Note that Doc Feser now just deletes any commenter who dare to criticize Aquinas.
Those consumers who just discovered Feser's odd neo-scholasticism might peruse some of his older conservative schtick on Right Reason. He sounded like an Ayn Rand sort of quack-libertarian for years (Miss Rand also fond of a right-wing reading of the holy Stagirite), and then must have had some sort of conversion, and decided the xtian Right needed some back up from the Domincan Bros version of catholicism--sort of a few steps to the right of Pat Buchanan.
Feser's reading of Aquinas is itself questionable. I don't have time to go through the sludge of the Summa (rather supernatural sludge as well, which Feser downplays), but even the Angelic Doctor had a certain tolerant side (as did St Augie, sort of St Tom's papa)--Aquinas opposed the divine right of Kings for one, and allowed for overthrowing tyranny. He alludes to Averroes as the Commentator, and Aristotle as The Philosopher.

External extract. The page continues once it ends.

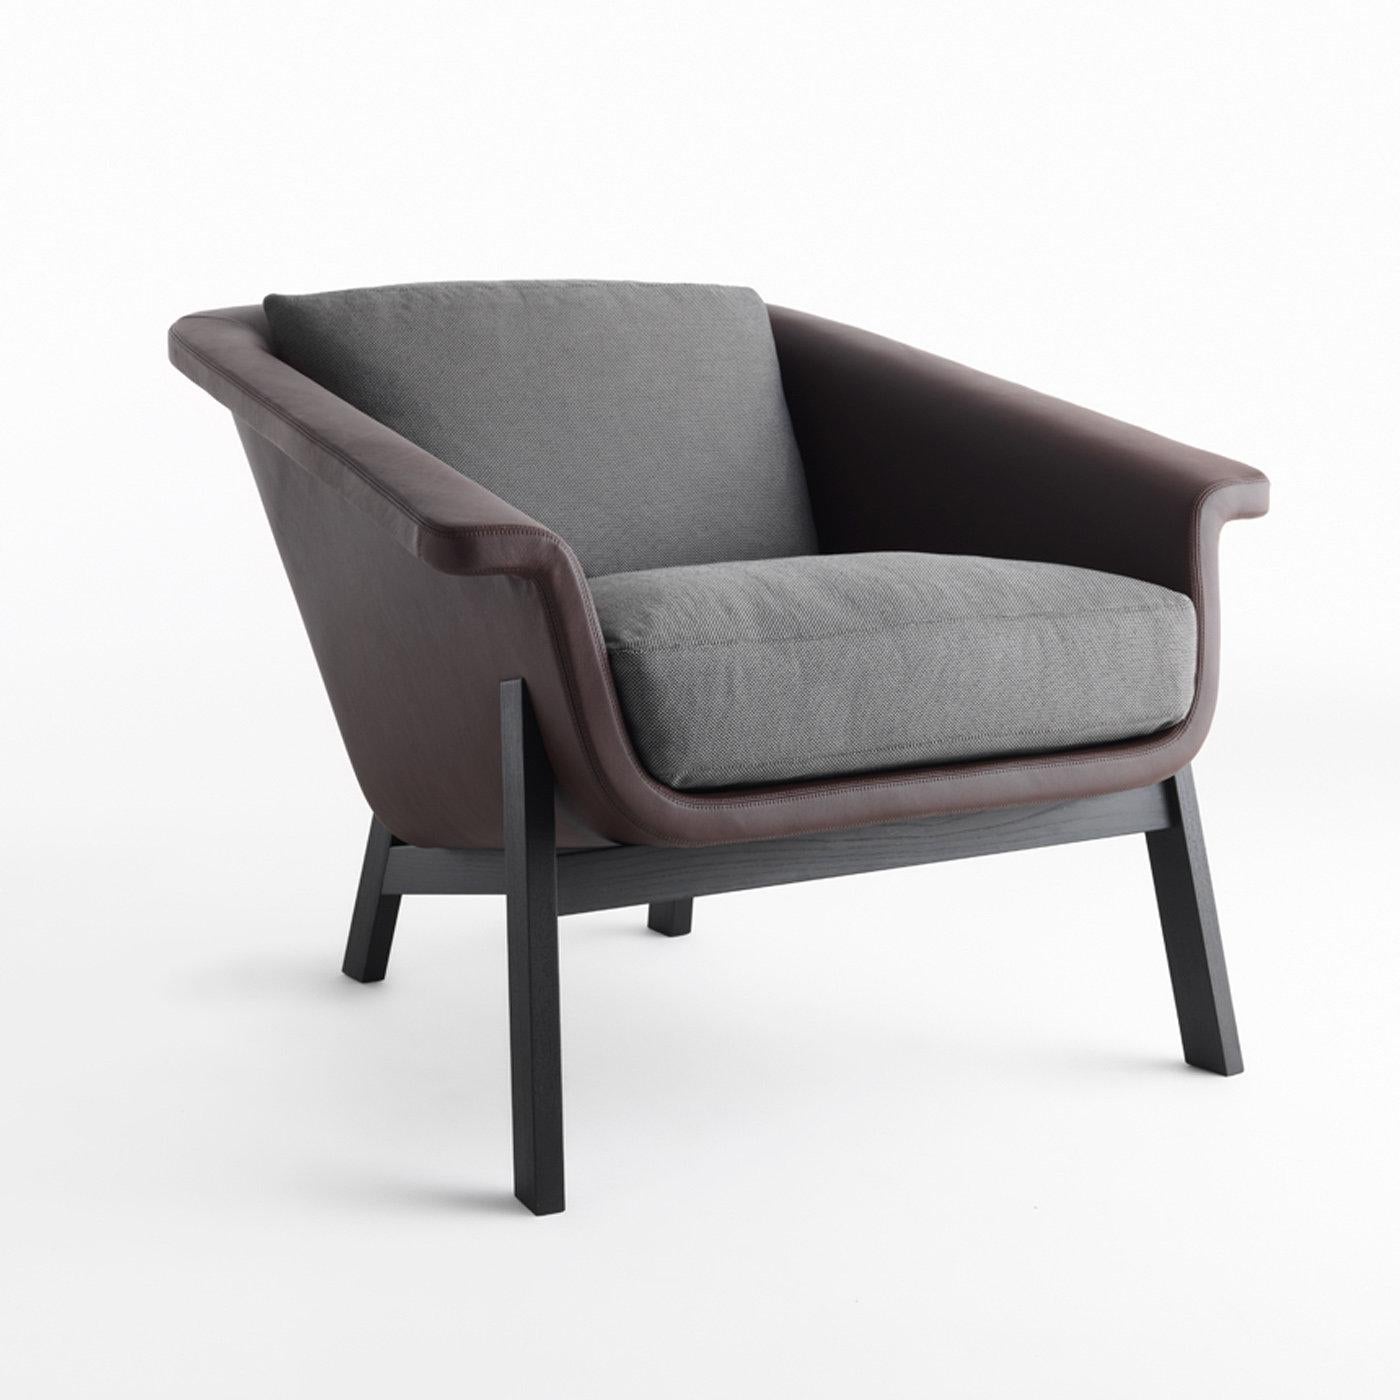 Inspired by the clean and essential Scandinavian style of the 1970s, this elegant armchair designed by Studio Balutto will perfectly suit a modern or minimalist interior. Resting on a black-finished ash wood legs, the large and welcoming

Feser sees Aquinas through his machiavellian lenses--it's not so much a matter of truth, but of ideology; catholic orthodoxy will still work for Feser's brand of conservatism. Note also Feser's allusions on his blog to Garrigou-Lagrange, a french cleric (and neo-Thomist) who blessed Petain and the vichy, and was pals with some of the german bishops who approved of the nazis. That's Feserism: Garrigou-Feiser
'Scuzi for rants. I'm not obsessed over Feser, or his Aquinas revival. Obviously he's an intelligent person, but he's a scheming, deceitful, extremely conservative person. And the aged Thomistic weltanschauung does not hold together, whether in terms of science, logic, or political model.